WHAT THE TASK REQUIRES -
Return the whole listing, line for line, without the pictures in it.

EXERCISE DATA -
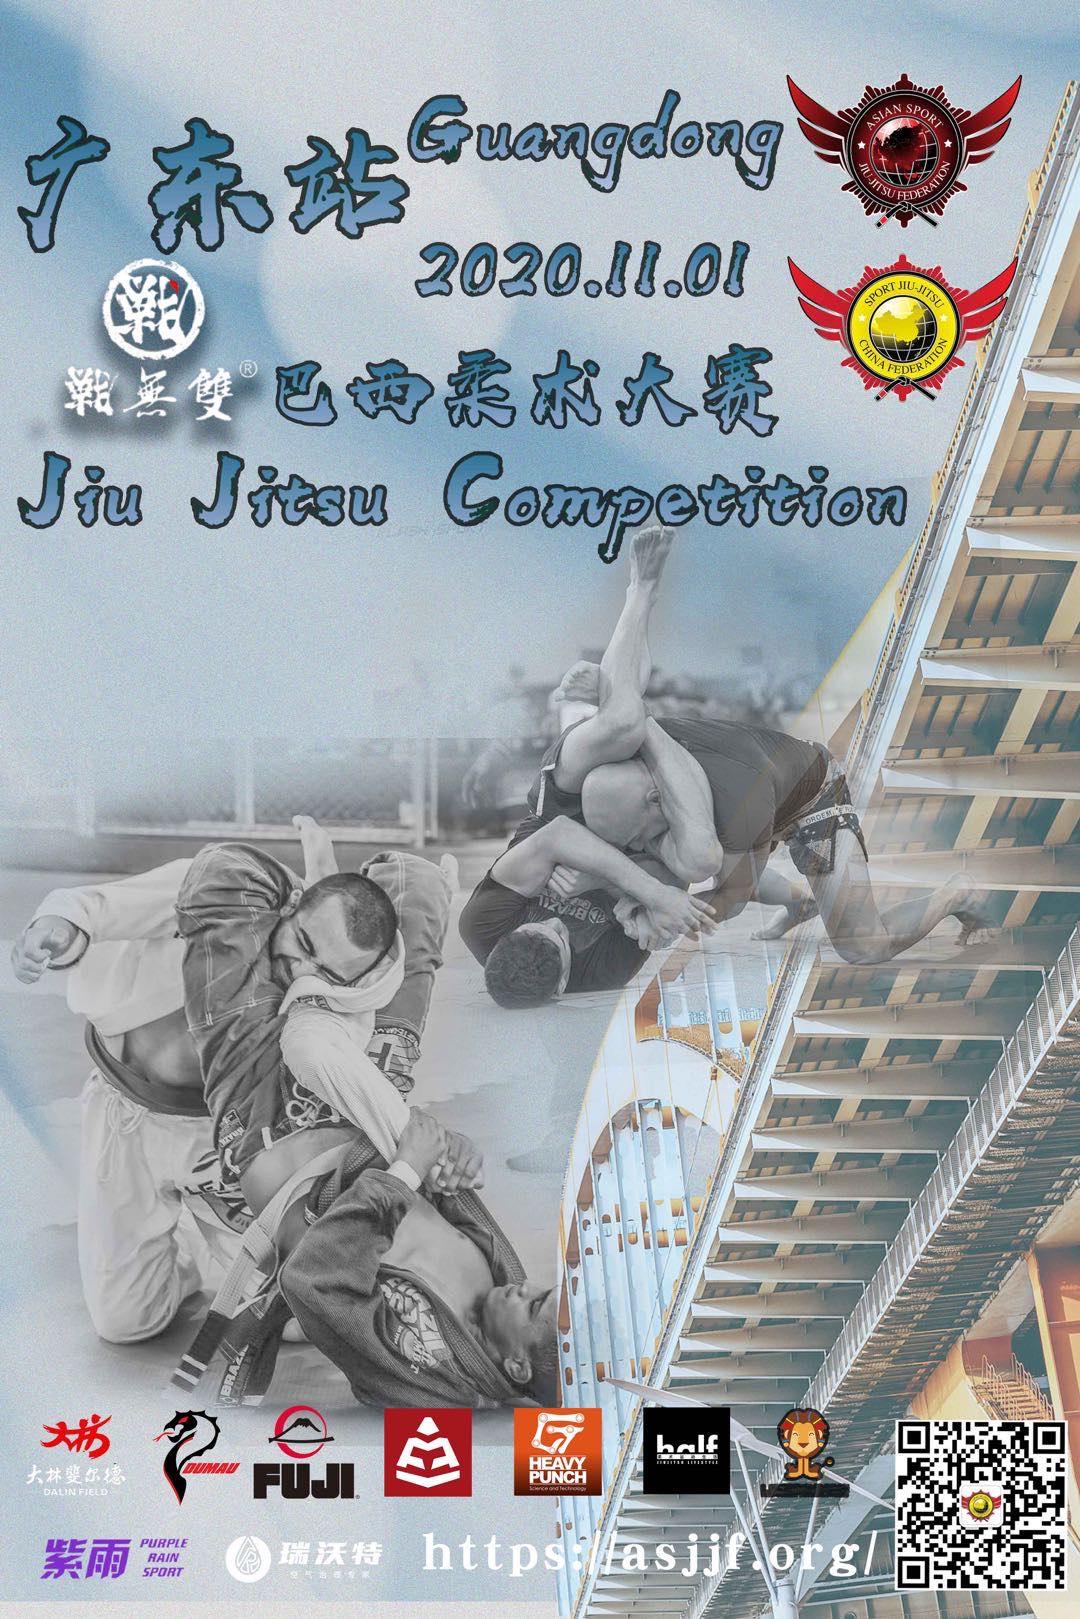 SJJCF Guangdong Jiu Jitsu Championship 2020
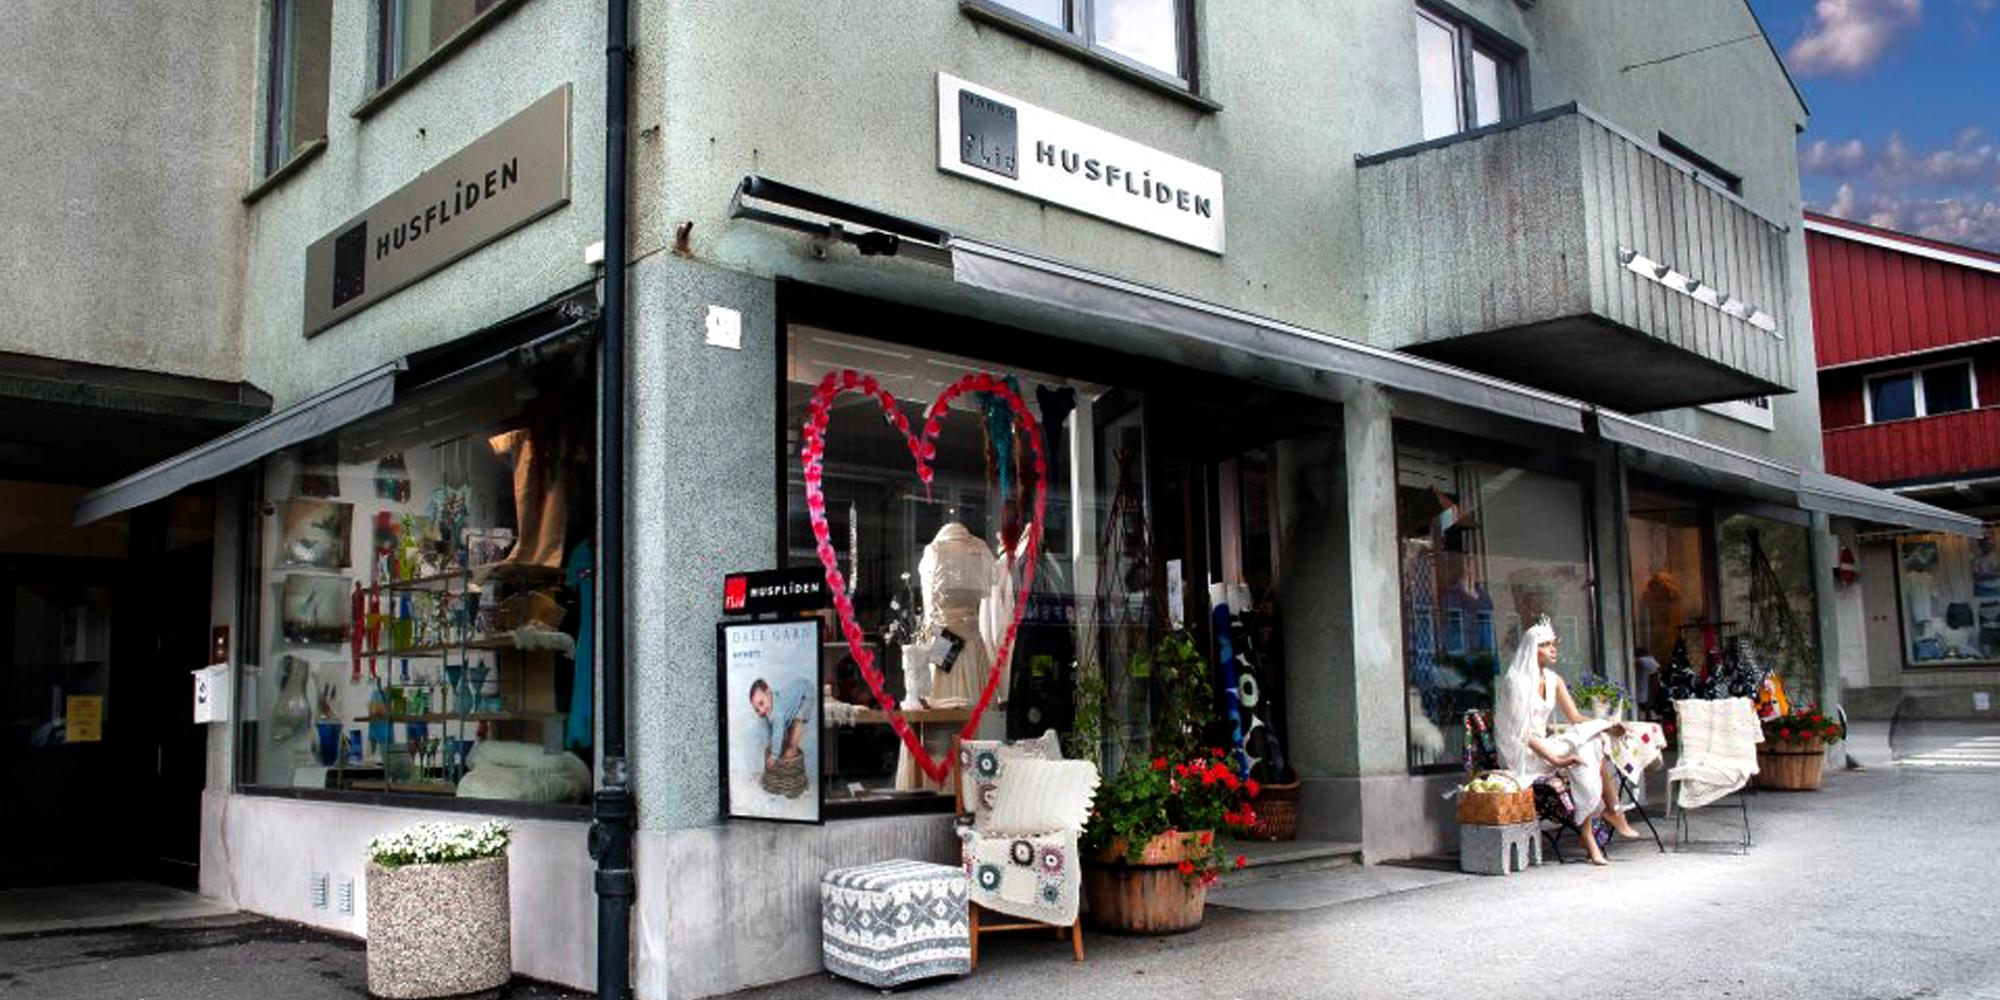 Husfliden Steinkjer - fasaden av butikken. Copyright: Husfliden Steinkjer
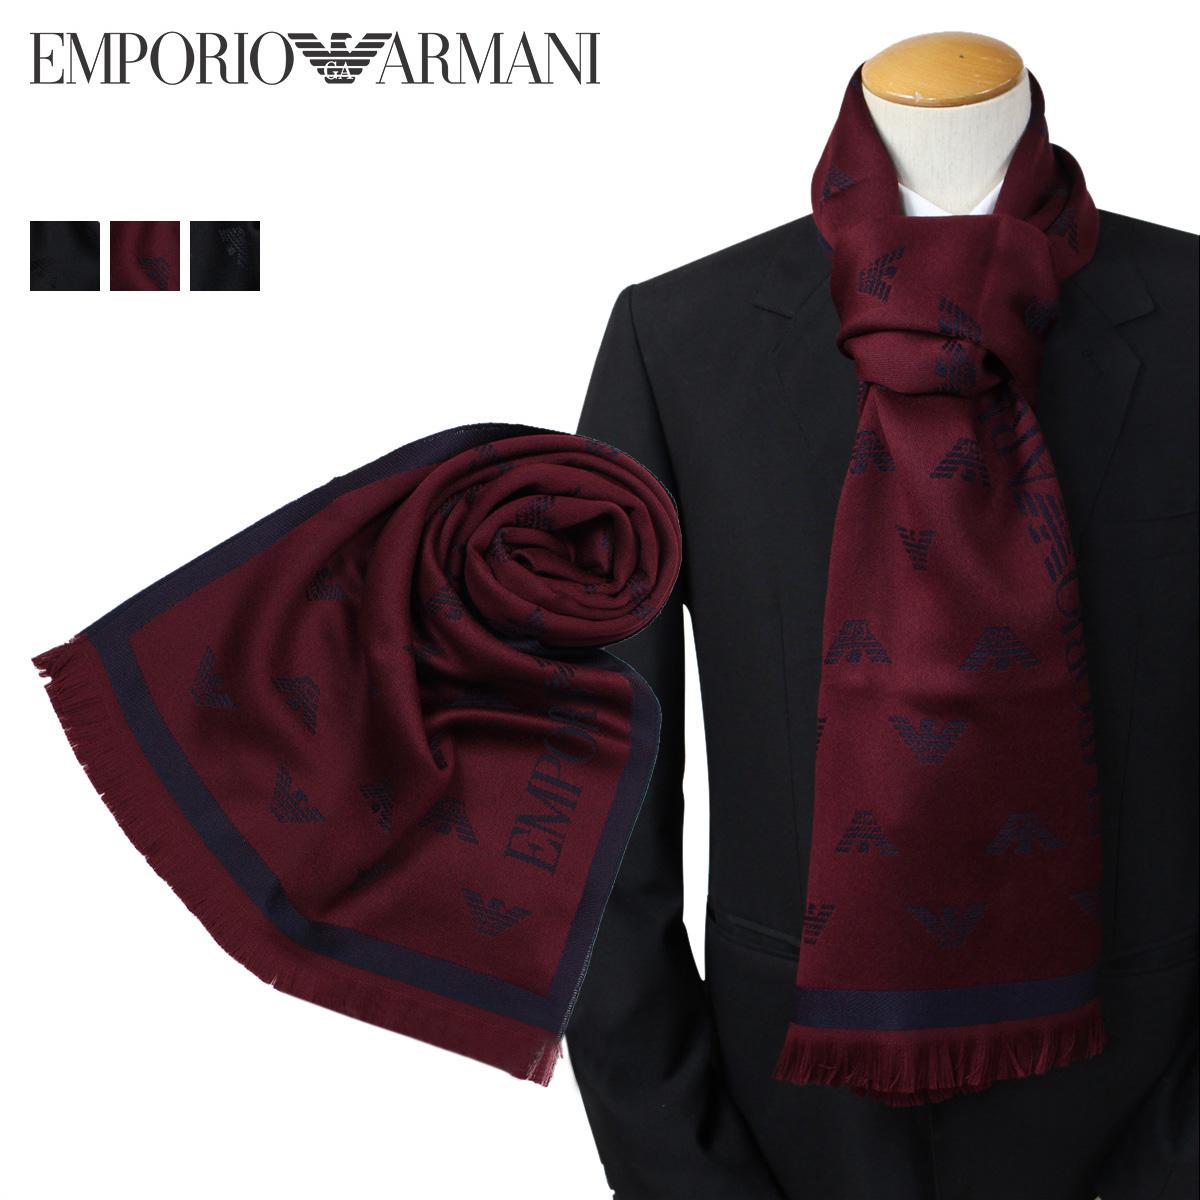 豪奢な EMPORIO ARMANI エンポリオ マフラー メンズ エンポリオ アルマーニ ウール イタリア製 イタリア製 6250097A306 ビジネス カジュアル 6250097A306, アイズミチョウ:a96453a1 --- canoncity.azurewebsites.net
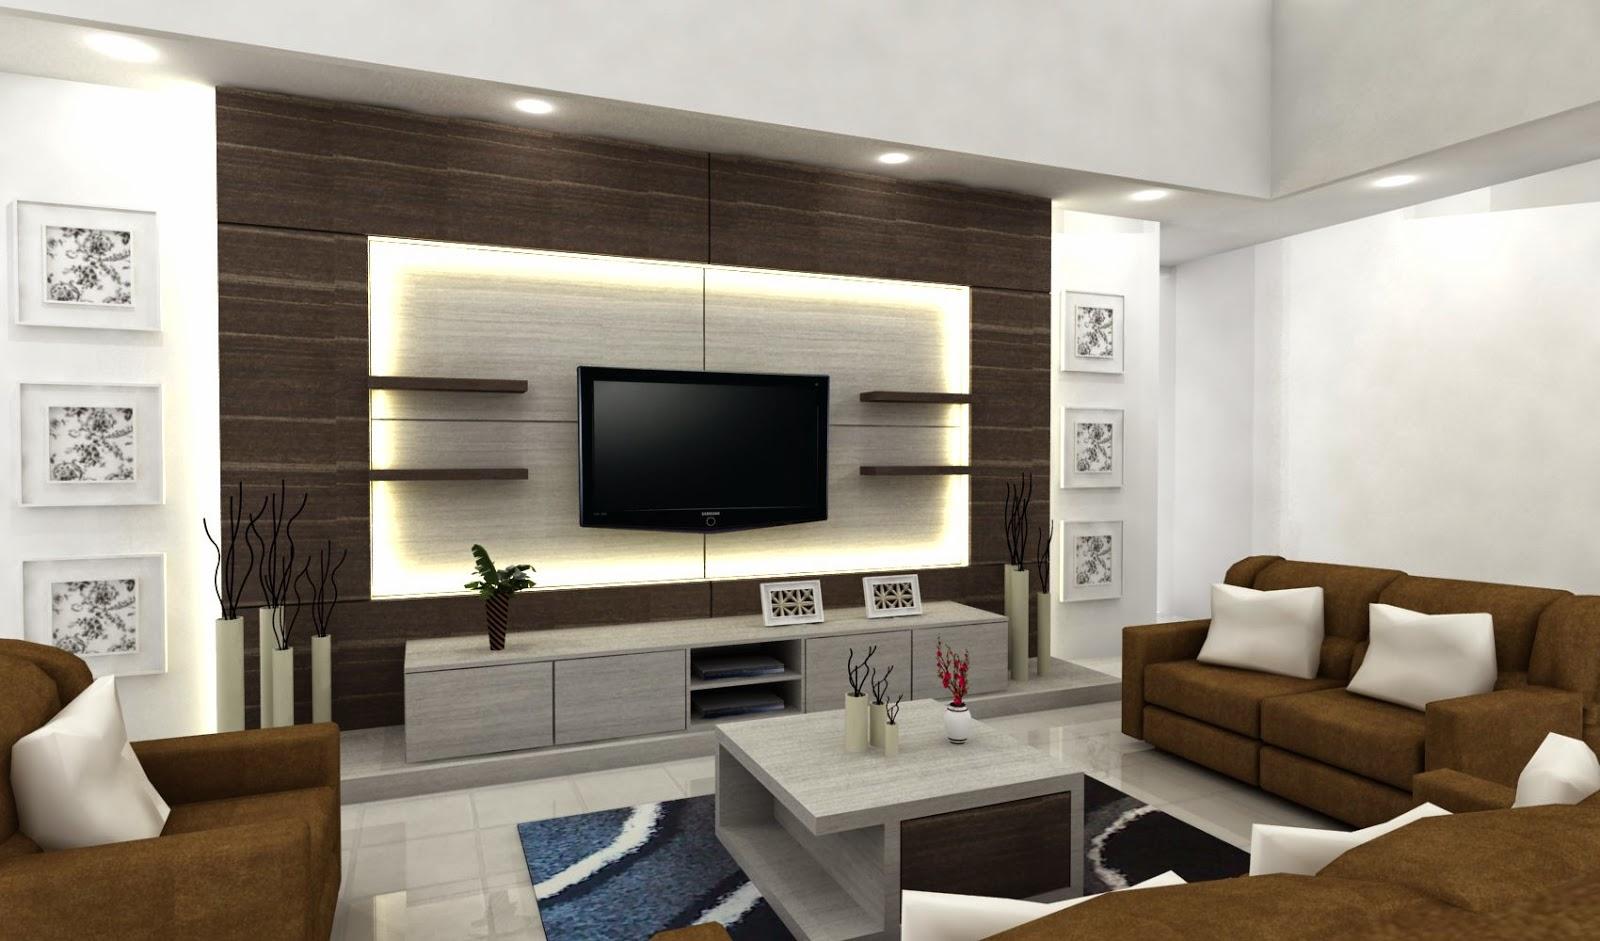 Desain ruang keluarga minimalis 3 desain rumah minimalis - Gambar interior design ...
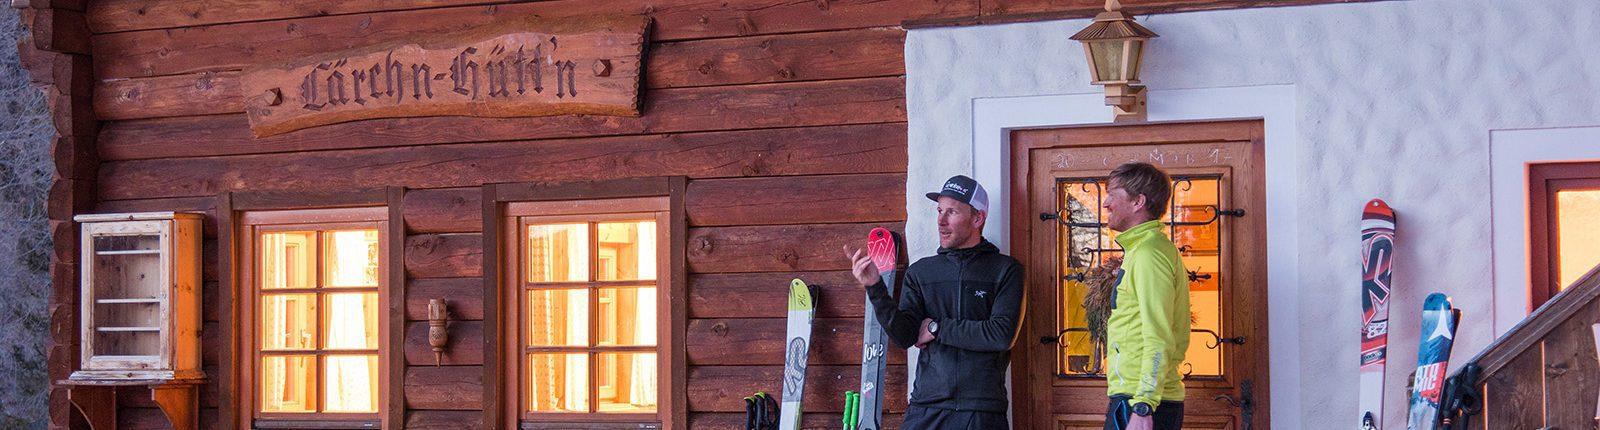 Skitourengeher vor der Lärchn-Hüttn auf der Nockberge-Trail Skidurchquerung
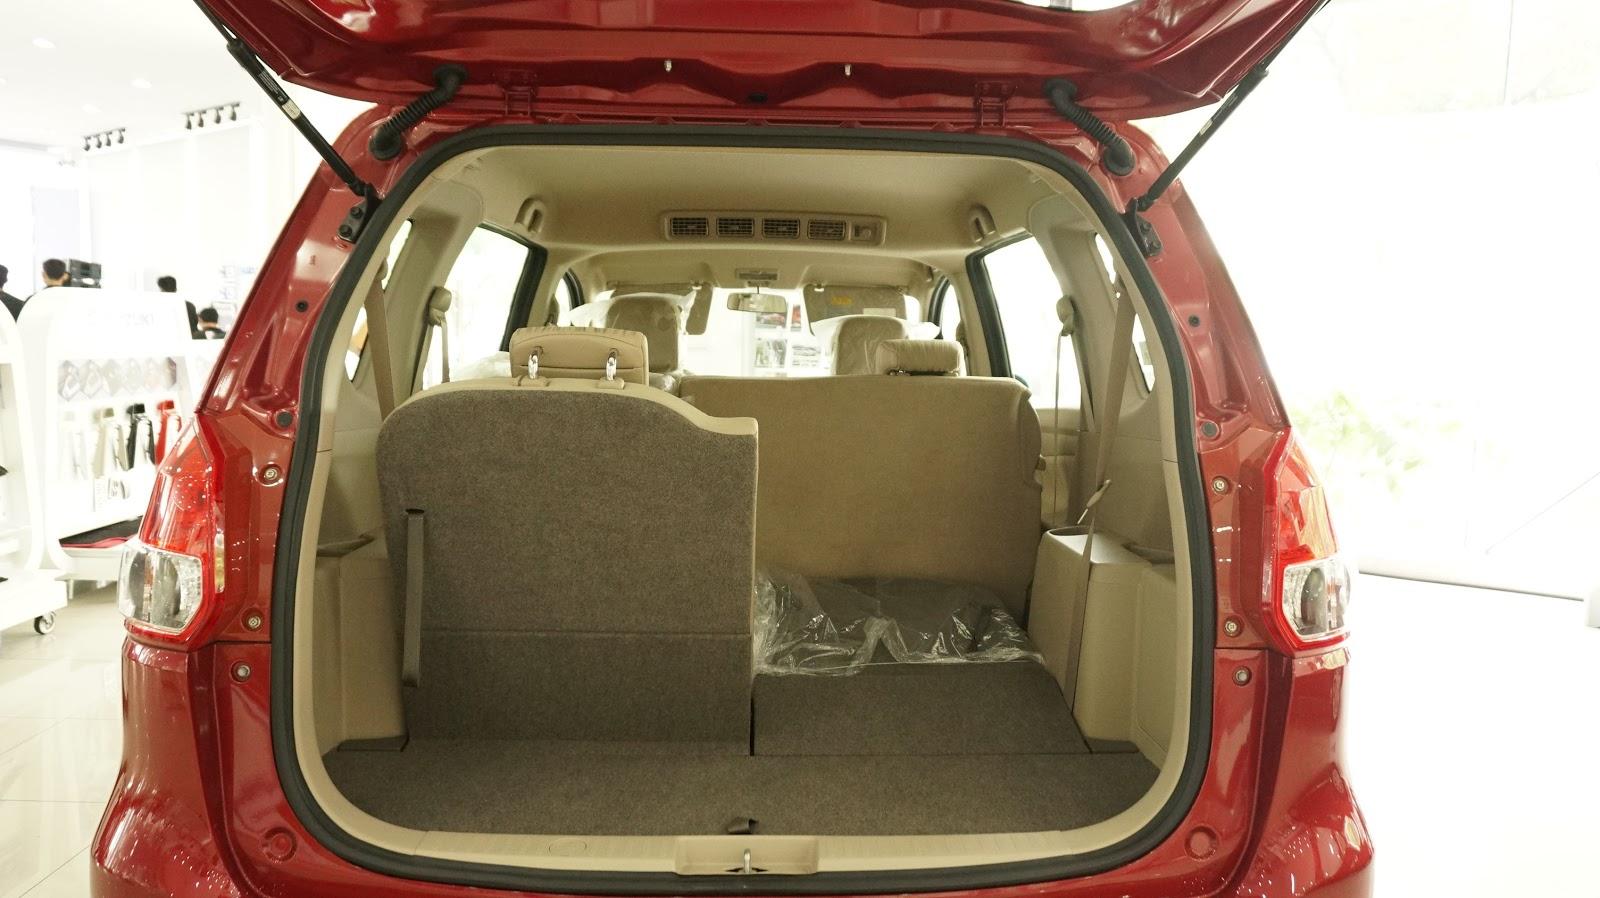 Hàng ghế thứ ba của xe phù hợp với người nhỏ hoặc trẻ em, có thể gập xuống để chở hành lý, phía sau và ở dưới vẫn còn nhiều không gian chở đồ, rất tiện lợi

EXERCISE OUTPUT -
 SJJCF Guangdong Jiu Jitsu Championship 2020
 Husfliden Steinkjer - fasaden av butikken. Copyright: Husfliden Steinkjer
 豪奢な EMPORIO ARMANI エンポリオ マフラー メンズ エンポリオ アルマーニ ウール イタリア製 イタリア製 6250097A306 ビジネス カジュアル 6250097A306, アイズミチョウ:a96453a1 --- canoncity.azurewebsites.net
 Desain ruang keluarga minimalis 3 desain rumah minimalis - Gambar interior design ...
 Skitourengeher vor der Lärchn-Hüttn auf der Nockberge-Trail Skidurchquerung
 Hàng ghế thứ ba của xe phù hợp với người nhỏ hoặc trẻ em, có thể gập xuống để chở hành lý, phía sau và ở dưới vẫn còn nhiều không gian chở đồ, rất tiện lợi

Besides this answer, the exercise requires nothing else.